Wave of distressed asset sales forestalled by an accommodating bank policy
   NYC multi-family property market has exhibited relatively strong credit quality metrics for
   lenders. While credit metrics in recent quarters have deteriorated they continue to remain solid relative
   to other areas of commercial real estate. To discuss this sector last night were three speakers: Mr.
   Robert Knakal, Chairman of Massey Knakal, the leading multi-family commercial real estate broker
   firm in the metropolitan New York market; Mr. Ofer Yardeni, Managing Partner of Stonehenge
   Partners; and Mr. Andrew Hoffman, Chief Operating Officer of Stonehenge Partners.

   Looming refinance crisis forestalled – It was estimated that $90B worth of NYC multi-family
   commercial properties in the city (15,000 properties) are now worth less than their mortgages.
   However, area banks and CMBS special servicers have exhibited more leniency in extending the term
   of underwater mortgages to forestall a wave of foreclosures. A wave of underwater maturing loans is
   likely to begin accelerating in 2010-2011 timeframe, as five year commercial mortgages with loan-to-
   values of up to 85% made during the peak market of 2005-2007 begin to mature.

   Operating margins continue to be under pressure While vacancies have improved, this has been via
   10%-15% discounts on apartment rents in Manhattan. However, operating expenses continue to rise
   driven by continual 10%-15% rise in rising property taxes, which account for 30% of operating
   expenses. Some relief is found from sustained low interest rates.

   We continue to rate Sell on those banks which, in our view, have premium valuations, relatively low
   levels of loan loss reserves and tangible equity levels and high commercial real estate exposures. We
   believe that banks with exposure to the NYC multi-family market are likely to experience a moderating
   rate of credit quality decline in their multi-family portfolios in near-term of 1H10, due to eased
   constraints on banks recognizing non-performing loans and extending the terms of underwater
   performing loans.

   Reiterate investment ratings. We are reiterate our Sell rating for New York Community Bancorp
   (NYB- Sell- pt $8), Astoria Financial (AF- Sell- pt $6) and maintaining our Hold ratings on M&T Bank
   Corp (MTB- Hold). We are Signature Bank (SBNY- Hold).

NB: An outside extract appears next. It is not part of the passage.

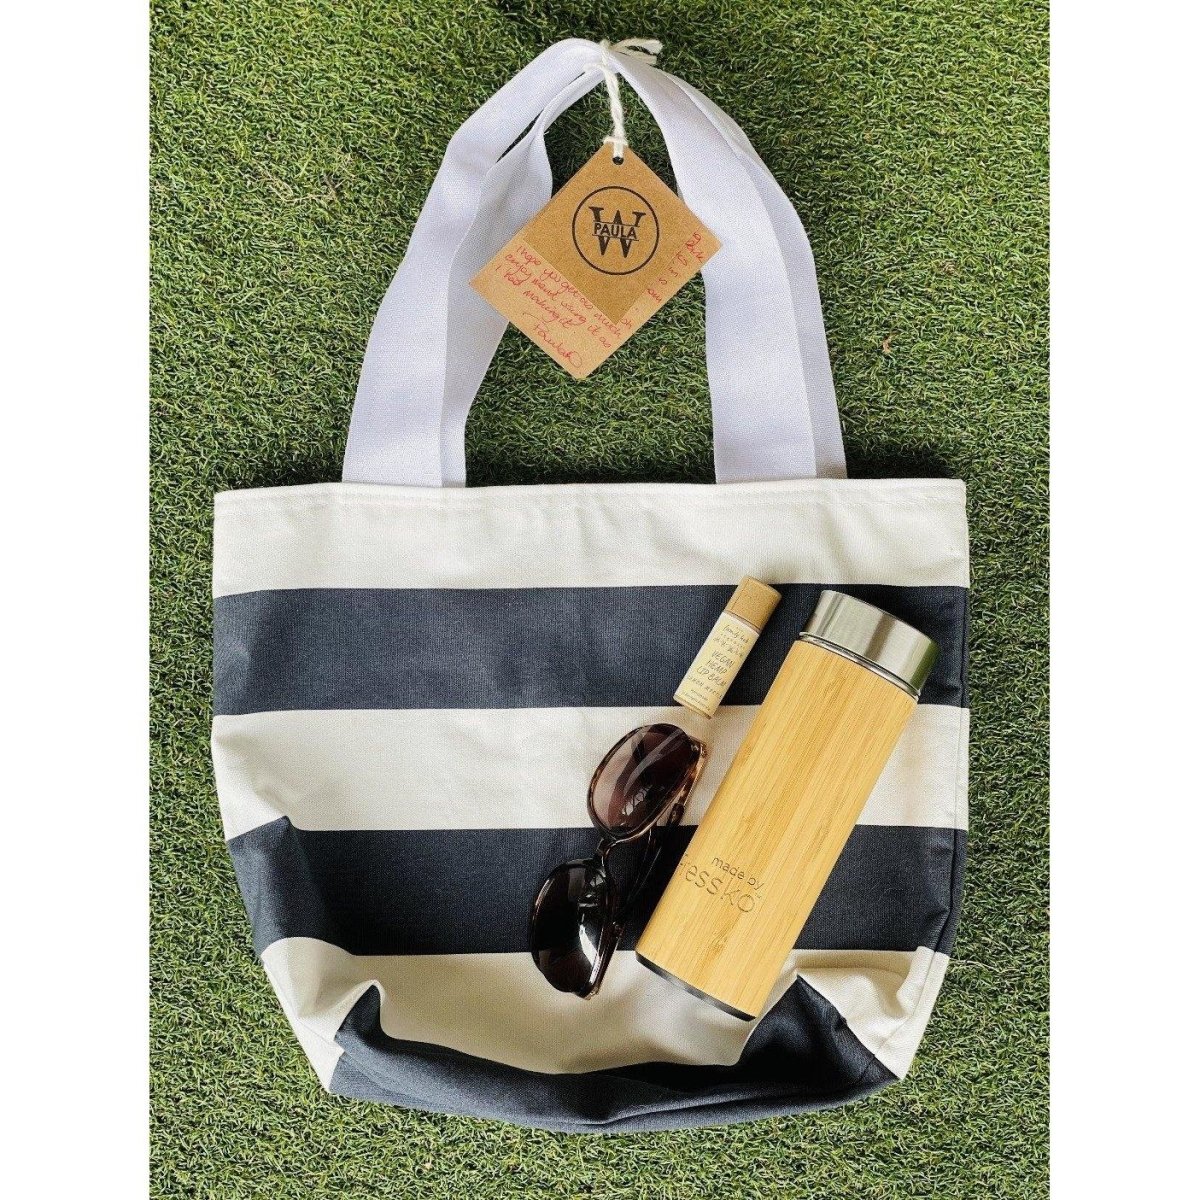 100% Upcycled Fabric Tote Bag by Paula W - Urban Revolution

               Maxim Group LLC, 405 Lexington Avenue, New York, NY 10174

       SEE PAGES 5 to 9 FOR IMPORTANT DISCLOSURES & DISCLAIMERS
                                                                                      Mid-Cap Banks


3 Experts on NYC multi-family housing market
  Leading NYC commercial real estate broker and two major Manhattan rental apartment
  building investors/ operators. Robert Knakal, chairman of Massey Knakal, the leading multi-family
  commercial real estate brokerage firm in the metro NYC region brought a perspective of trends
  affecting valuations and transaction volume. Speaking from Stonehenge Partners was Managing
  Partner, Ofer Yardeni, and Chief Operating Officer, Andrew Hoffman, who both provided their
  operating perspective on the market. Stonehenge Partners invests and manages a $1.5B commercial
  property portfolio, with a significant exposure to rental apartment buildings in Manhattan.

  Property valuations are currently being supported by banks being reluctant to foreclose on
  properties – which has resulted in a lack of supply of commercial multi-family properties on the
  market to meet existing demand. Normally, 2.6% of building stock turns over annually, but in 2009
  the turnover rate could be 1.1%-1.2% primarily due to a lack of supply on the market. Investor
  demand is robust (often 25 bids for properties that come on to market), and the low transaction
  volumes reflect a wide bid-ask spread as investors are waiting for a correction in valuations.

                  •   Lack of transaction volume is impacting valuation comparisons – On average,
                      valuations are off 15%-25% from the peak, depending on the borough and the
                      property type (elevator vs. walk up building). However, comparable valuation
                      data is scarce (due to low transaction activity) which creates uncertainty in terms
                      of valuation appraisals.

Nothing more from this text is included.